The reason is not a preference for cloud over local. The reason is that OpenCode v1.15.13 does not offer a stable local-provider integration. Three attempts to add one, across two different local model hosts (Ollama and LM Studio), all failed in the same way: the model picker stopped working. Built-in free models disappeared. The picker showed nothing at all. Each attempt required reverting the configuration and restarting the application.
The root cause, identified during build Phase 7, was that the @ai-sdk/openai-compatible npm package used for local provider wiring had inconsistent behaviour with OpenCode’s model picker. The fix was not to find a better configuration. The fix was to stop trying. OpenCode now uses only its built-in providers, and the picker works reliably.

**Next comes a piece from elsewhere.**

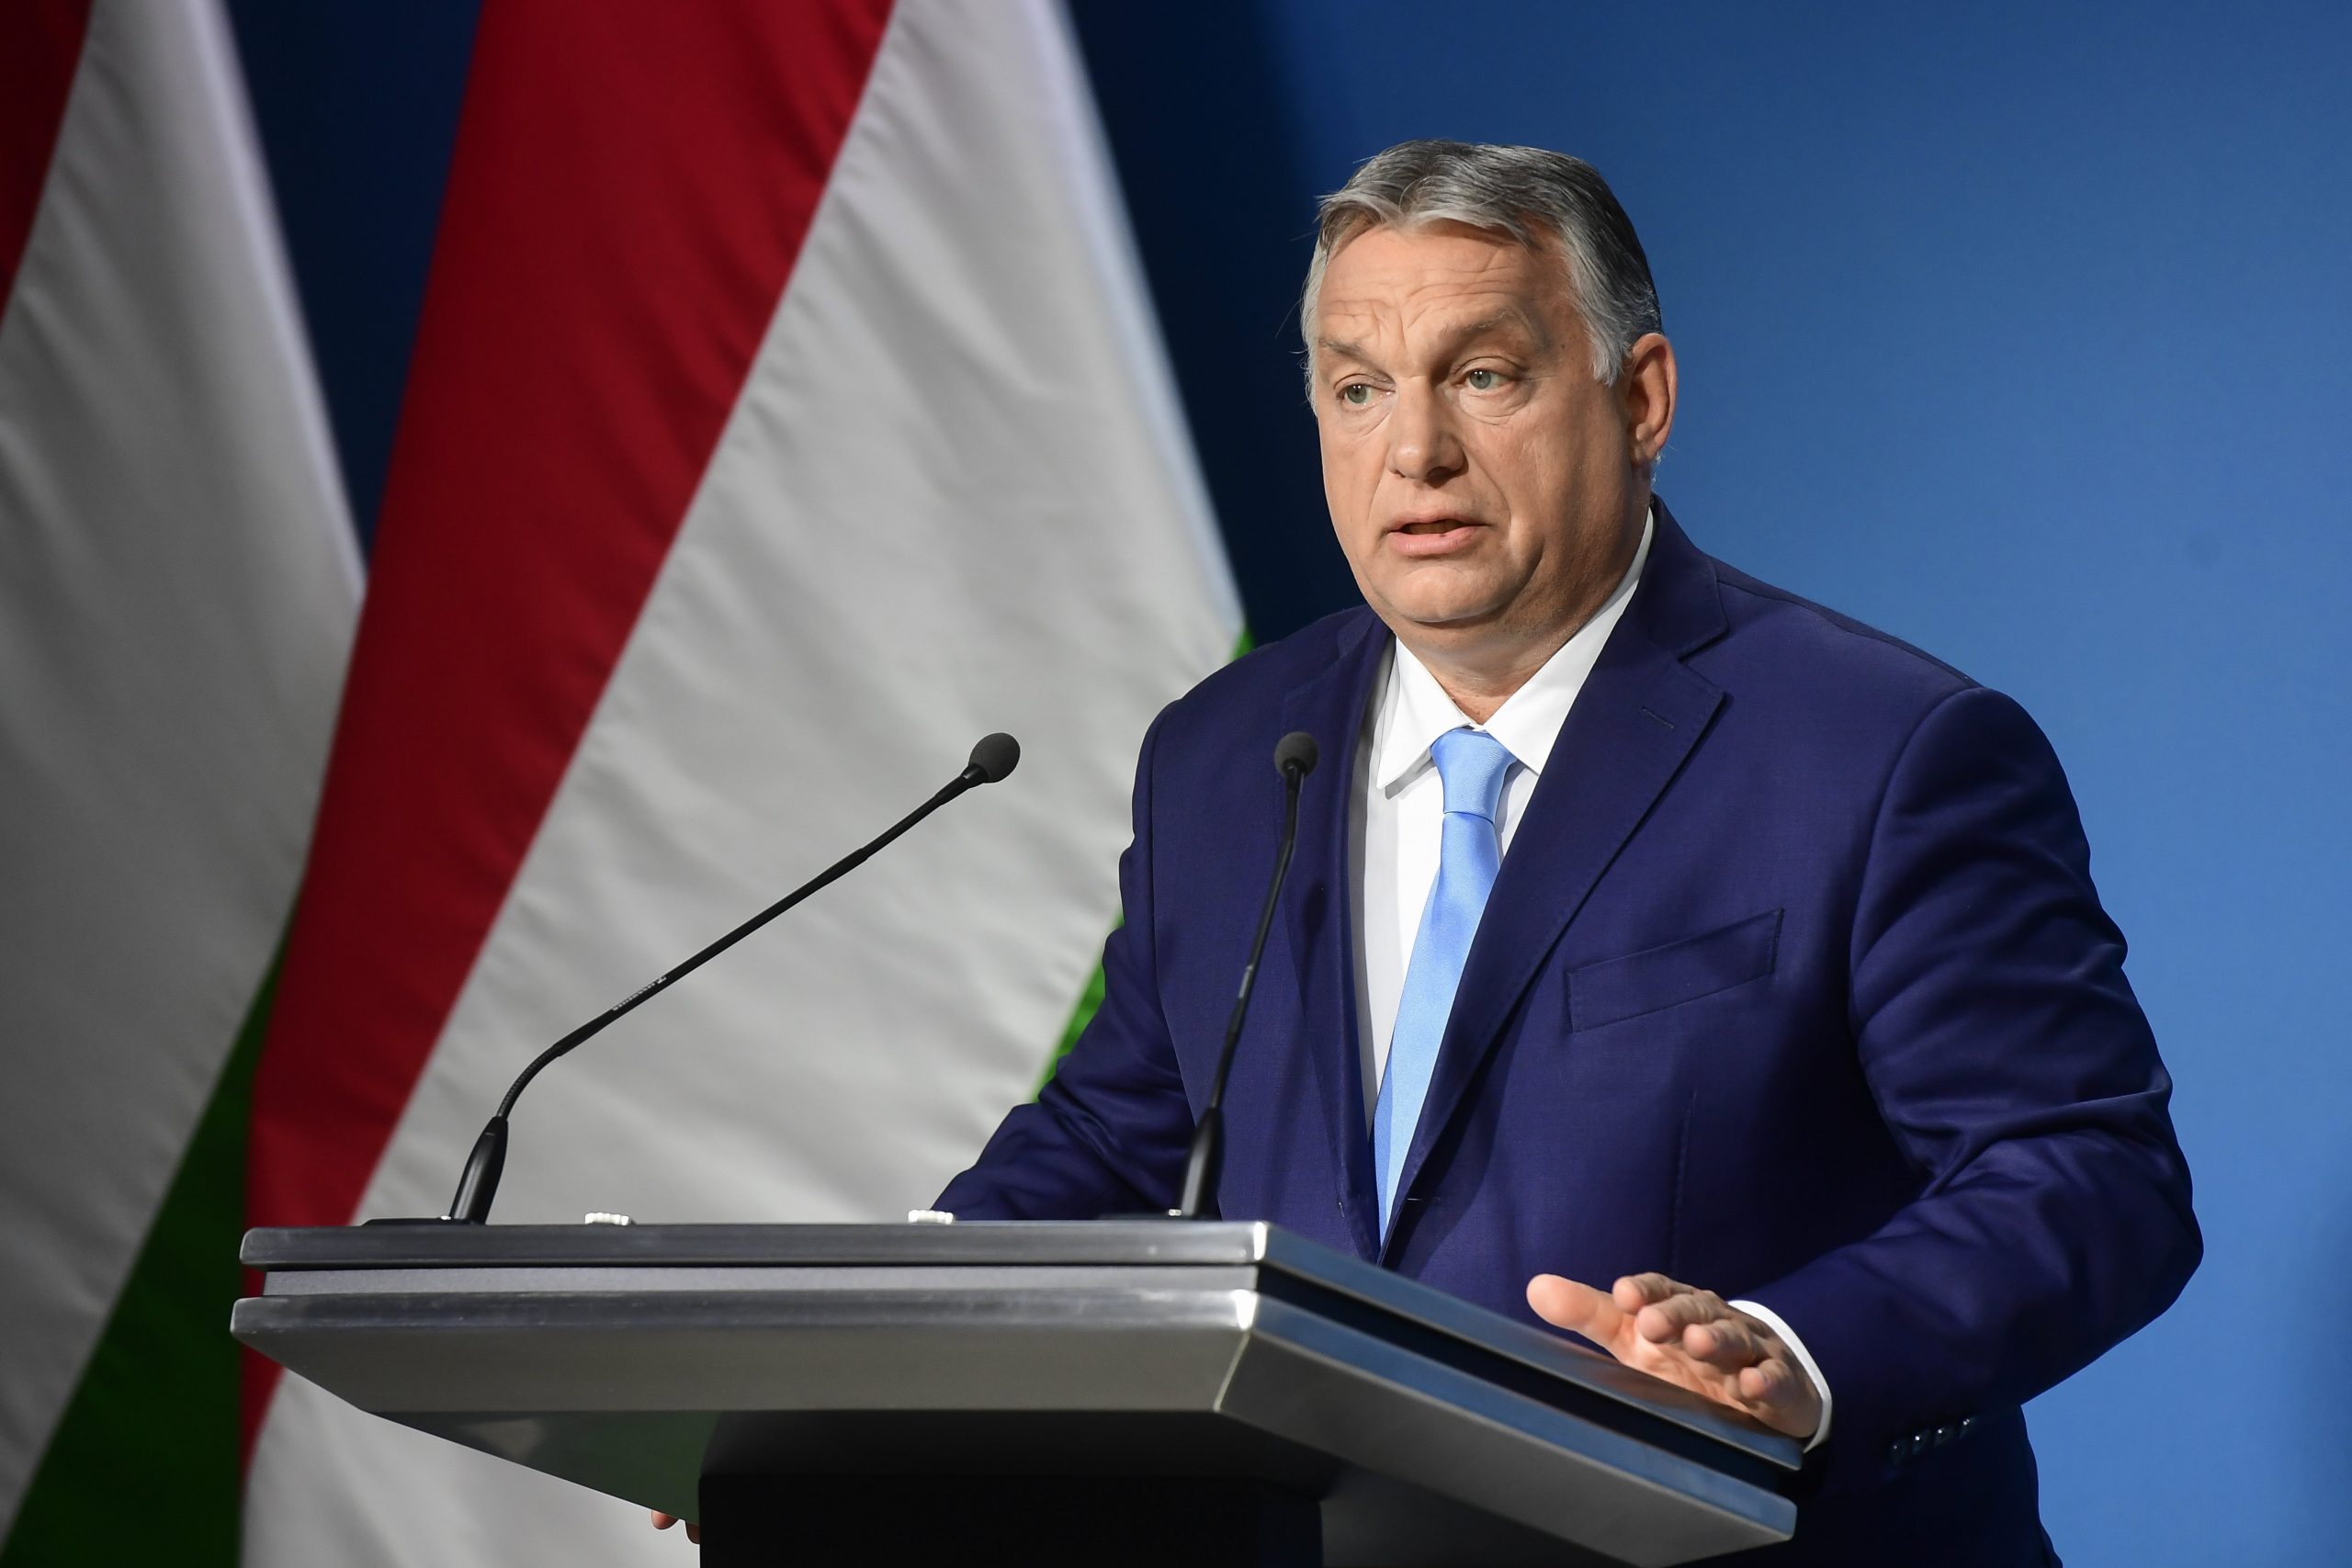 Central Europe 'Blessing for the EU' - PM Orbán Responds to Fierce Criticism from British Historian, Timothy Garton Ash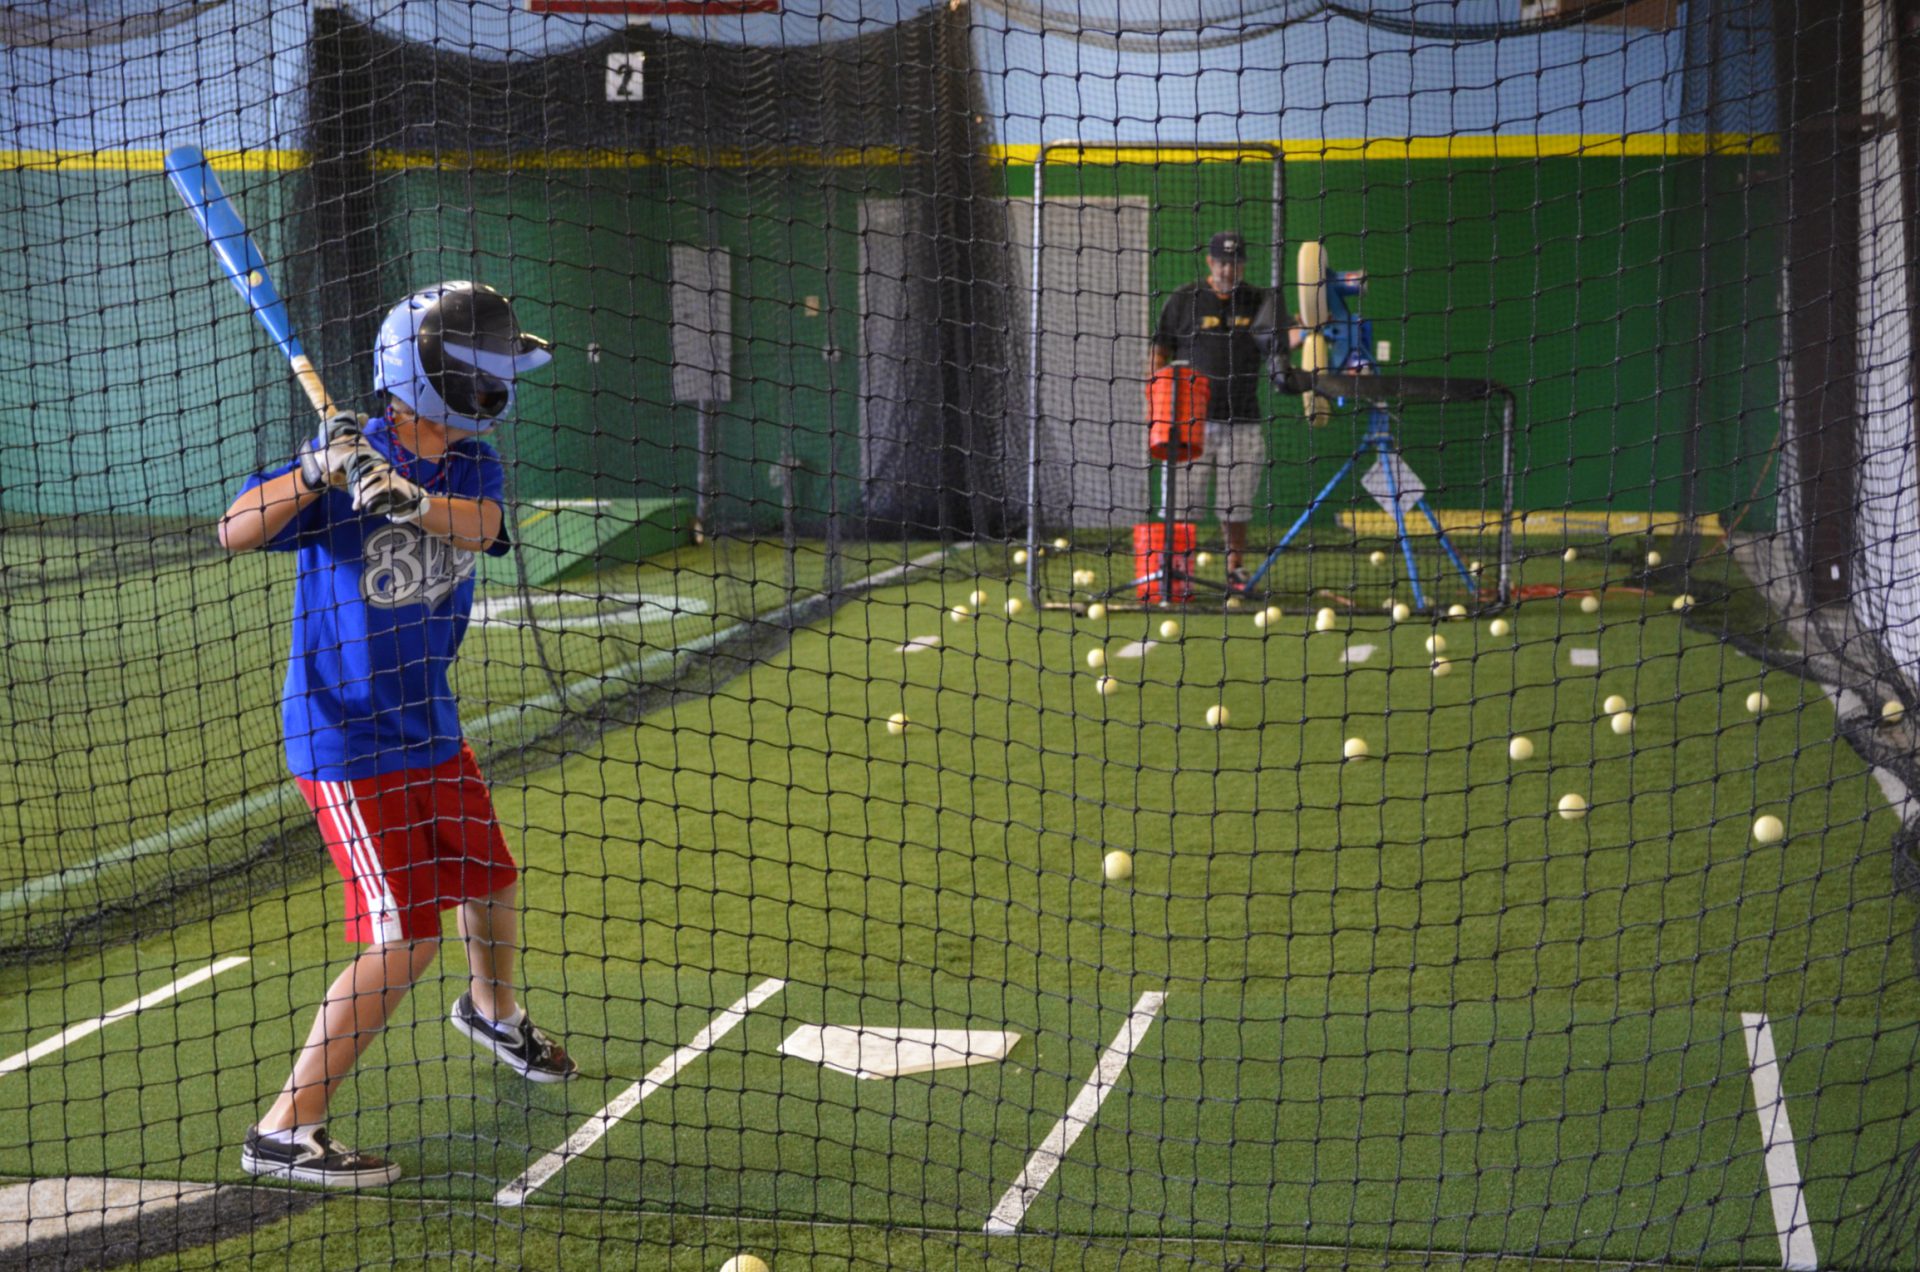 Sports Centre Gets New Batting Cage

This creates a clear separation of concerns. The local model handles writing and ad-hoc tasks. The cloud providers handle code generation and debugging. The local model never has to be a good coder, and the cloud agents never have to write prose. Each does what it does best.
What did three failed integration attempts teach us?
The supporting tools exist alongside an evolved understanding of when local makes sense and when it does not. The path to this stack was not a straight line. Between early June and mid-June 2026, the studio tried three different approaches to wire a local language model into OpenCode.
Attempt one added an explicit provider.ollama block to OpenCode’s config. The model picker broke. Attempt two removed the block and claimed OpenCode auto-detected Ollama natively. It did not. The sidecar process timed out. Attempt three switched to LM Studio as the local host. It used the same OpenAI-compatible adapter pattern. Same result: picker instability.
The pattern across all three attempts was consistent. Adding a provider block for any local endpoint destabilised the picker, regardless of which local host software was running behind it. The diagnosis, confirmed only after direct API testing in Phase 7, pointed to a specific interaction between OpenCode’s UI layer and the @ai-sdk/openai-compatible npm adapter. The adapter worked. HTTP requests to the local model returned valid completions. The problem was in the UI layer that discovered and displayed available models.
The lesson is specific to OpenCode v1.15.13 and may not apply to future versions. But the broader principle applies to any toolchain: when a piece of infrastructure consistently breaks a critical UI component, the rational choice is to decouple them rather than keep debugging. Local models run outside OpenCode. OpenCode uses cloud. The picker works.
The current configuration is not the final one. OpenCode may ship a working local provider integration in a future release. If it does, the wiring can be reattempted, and the local model could take over simple coding tasks. New model quantisations could offer better quality for the same RAM budget. A lighter coding specialist may emerge that fits alongside Gemma 4 in the 48 GB envelope.
But the direction is set. The studio values local inference for the control it provides over data and latency. The cloud handles what the local machine cannot do at acceptable speed. The boundary between them will shift as hardware improves and software matures, but the principle stays the same. Every component earns its place by doing one thing well, and the most important tool in the stack is the one that says no to a new piece of software when it would destabilise the rest.